To assess external influences on locomotor activity during the ice-on period, a linear mixed-effects model was fitted using the lmer function from the nlme package in R (Bateset al. 2015) with ODBA as the response variable where demographic class, water temperature, depth, and DO were considered as predictor variables, and turtle ID was used as a random variable. Water temperature and depth from the biologgers were included as measurements that are generally considered to influence locomotory activity (i.e., ODBA) and were measured simultaneously by the biologgers.
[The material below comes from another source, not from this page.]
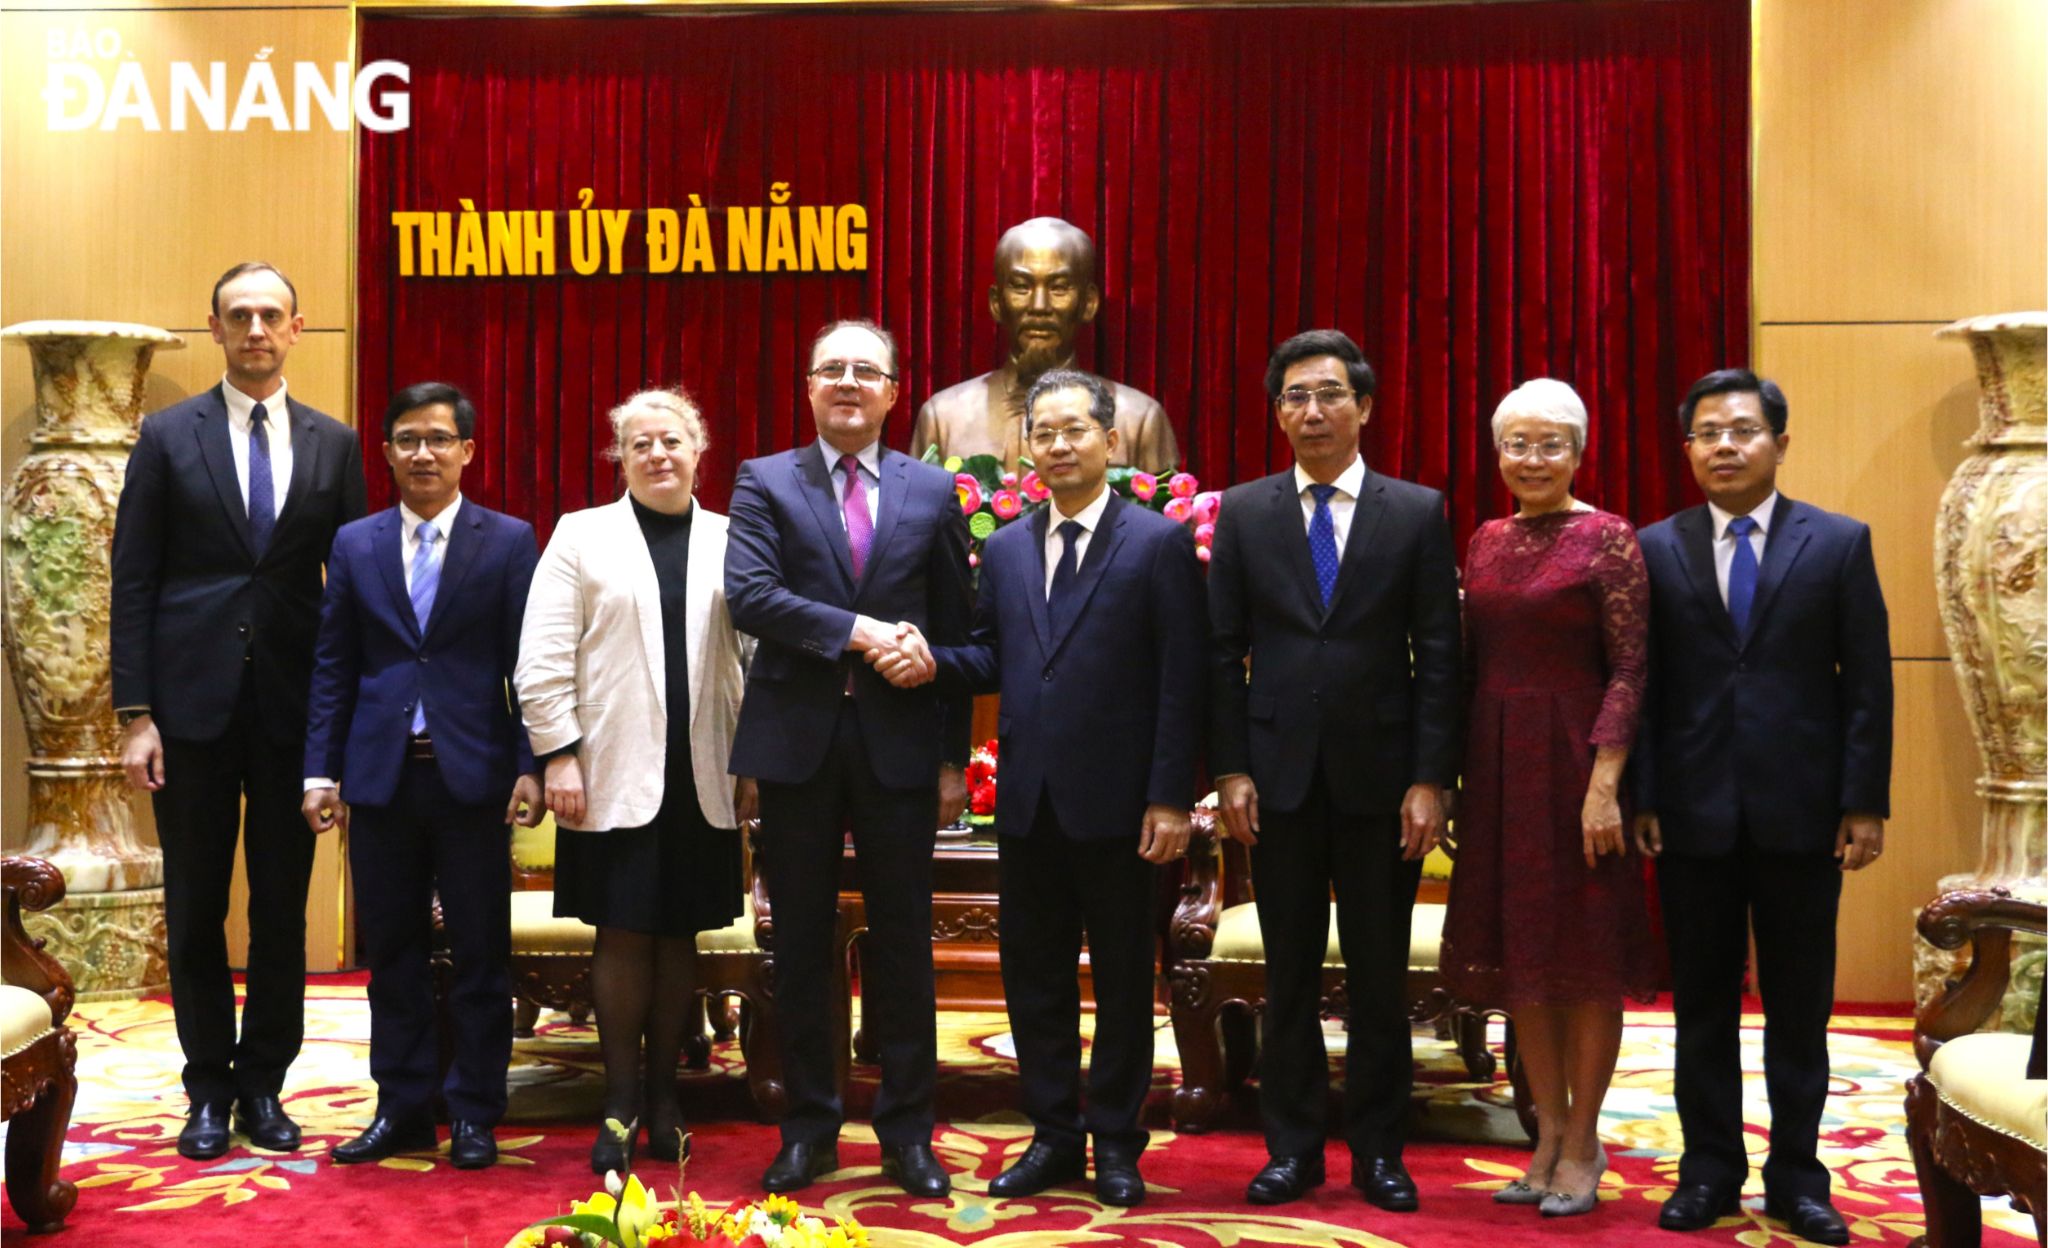 Representatives from Da Nang leaders and a delegation of Russia posing for a group photo

Demographic class was included because of our hypothesis that the size difference between northern map turtles would influence locomotor activity. Measurements from the DO loggers were also initially included because it was expected locomotor activity might be driven by this species trying to meet their oxygen requirements under the ice. Model selection using Akaike Information Criterion (AIC) was used to produce a final model; the best model was selected based on an AIC difference greater than 2. This model was then followed up with an ANOVA to explore the differences among the significant predictor factors, and finally a Tukey’s post hoc test using the glht function from the multcomp package. Linear models were used to test the hypothesis that behaviour during the overwintering period differs between demographic classes. Model assumptions were checked following those described in Zuur et al. (2010). A linear model was fit using water temperature as the response variable and demographic class as the predictor variable to test our hypothesis that behaviours would differ between these classes. Similarly, a second linear model was fit with depth use as the response variable to determine whether depth use differed between the three demographic classes. Both linear models were fit using the aov function. Using the glht function from the multcomp package, Tukey’s post hoc tests were used to further explore the significant differences among the sexes (Hothorn et al. 2009). This same process was repeated for the pre-ice, ice-on, and post-ice periods to allow us to also test for behavioural differences in our demographic classes during these different time frames. p values < 0.05 were deemed statistically significant. All values have been reported as mean values ± standard deviation unless otherwise indicated. All analyses were conducted in R (4.1.2) via R Studio (2021.09.1).